The architecture here is very reminiscent of Chola temples in the Thanjavur district. However, something prevalent more in Tondai Nadu temples than elsewhere in Tamil Nadu (maybe because it is typical of the Pallava style), is the gaja-prishtha (apsidial) vimanam, where the garbhagriham itself and the vimanam over it, are shaped in a semi-circular fashion, much like the back (prishtha) of an elephant (gaja). The pillars on either side of the entrance to the garbhagriham are each made of a single piece of wood from the vellerukku tree. These are said to be spoils of the king’s victory over the Kurumbars.
There is also a shrine for Kusalavapureeswarar, who was worshipped by Lava and Kusa, the sons of Rama from the Ramayanam. The garbhagriham also has a Rasa-Lingam, made of mercury and silver.
Unusually as most south Indian temples go, the raja gopuram of this temple faces south.
Interestingly, there are 2 Nandis here – while once faces the moolavar, the one in the outer prakaram faces away from the garbhagriham. The one facing away is said to be the Nandi ordered by Siva to protect the temple, according to the sthala puranam above.
Amman here is called Kodiyidai Amman (the one whose waist is as slender as a jasmine vine), whose shrine is to the right of the moolavar. At this temple, She represents the Kriya Sakti. Together with the Vadivudai Amman at the Adipureeswarar temple at Tiruvotriyur (Gnana Sakti) and Tiruvudai Amman at the Minjur Tirumangeeswarar temple (Ichcha Sakti), these three Ammans represent the Tri-Saktis that are of significance in Hinduism, and are said to bless devotees with all their needs and aspirations, particularly if visited on the same day (and more so on full moon days and Fridays).
Onan from the sthala puranam here, along with another Kurumbar named Kanthan, also established the temple for Ona Kantheswarar at Onakanthanthali in Kanchipuram.
According to the Siva puranam, salvation can be attained by being born in Tiruvarur, living in Kanchipuram, worshipping at Chidambaram, thinking of Arunachaleswarar at Tiruvannamalai, or dying at Kasi. But it is believed that just by hearing about this temple at Tirumullaivoyal, one can attain salvation.
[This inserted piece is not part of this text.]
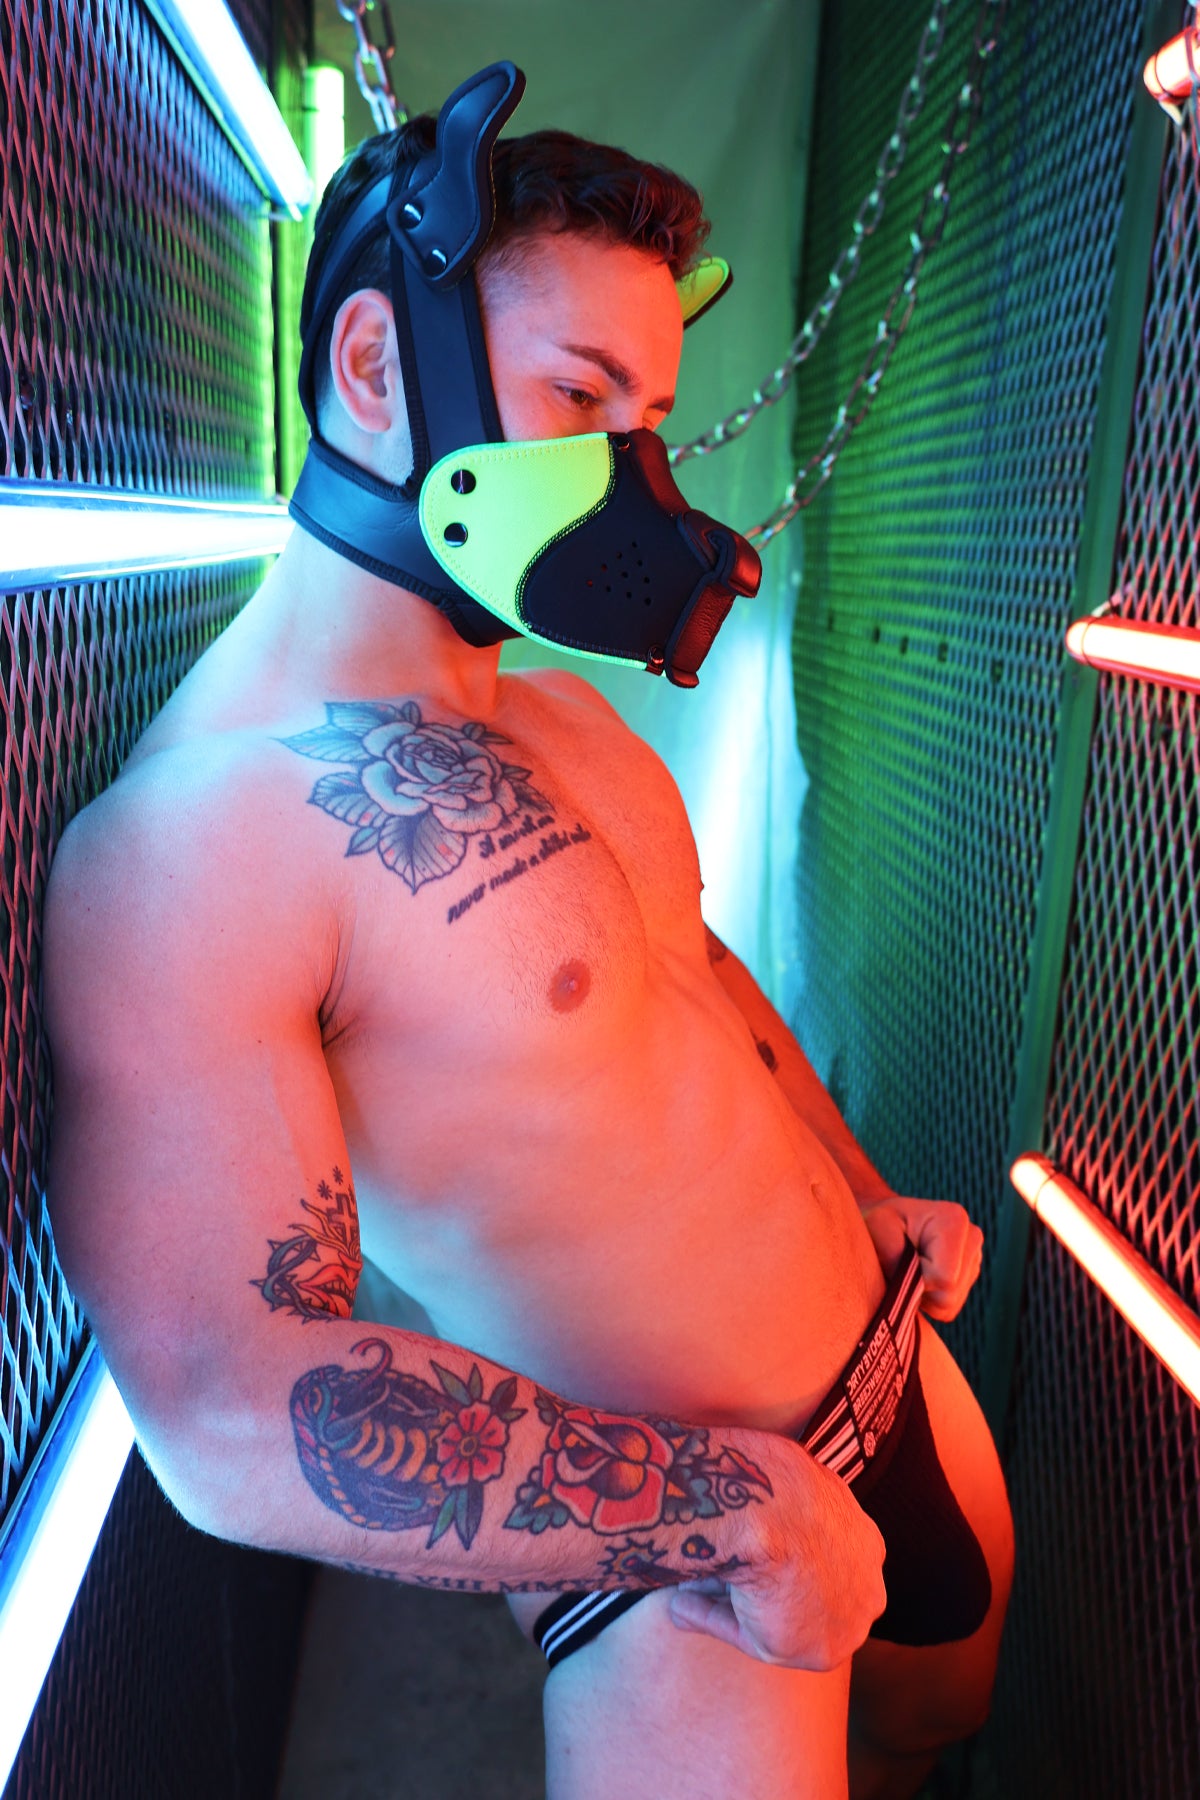 Poundtown Pup Mask 2.0 - Neon Green
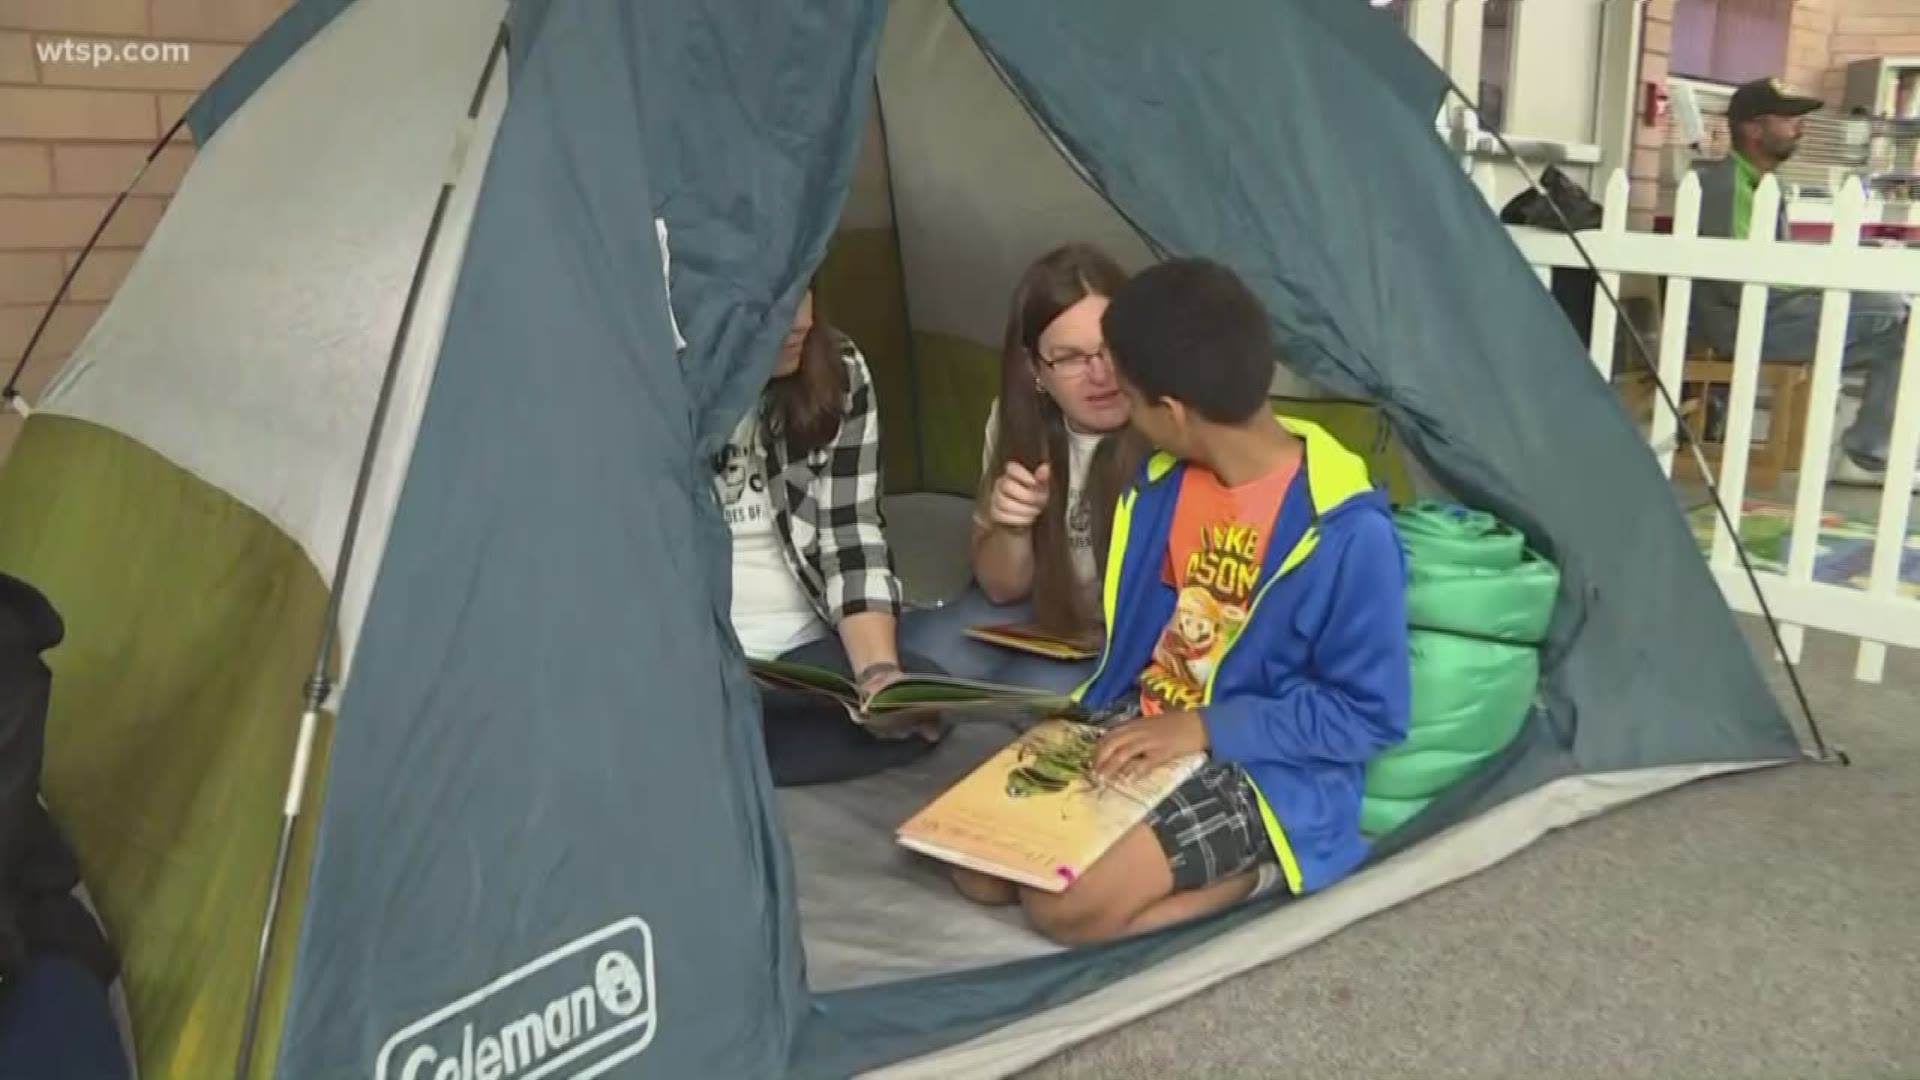 The tents help Fox Hollow Elementary students learn. https://on.wtsp.com/2J9jrGi

Other information for your visit
As is the case with Tiruvanmiyur, some Chola influences can be seen today, though are not readily recognised as such. During the Chola times, this area was a separate town (Oor) called Puzhal Kottam, forming part of Jaymkonda Chola Mandalam. This has given the place Puzhal its name today. The name Ambattur – also a nearby suburb – is also evident in Chola period records of this temple.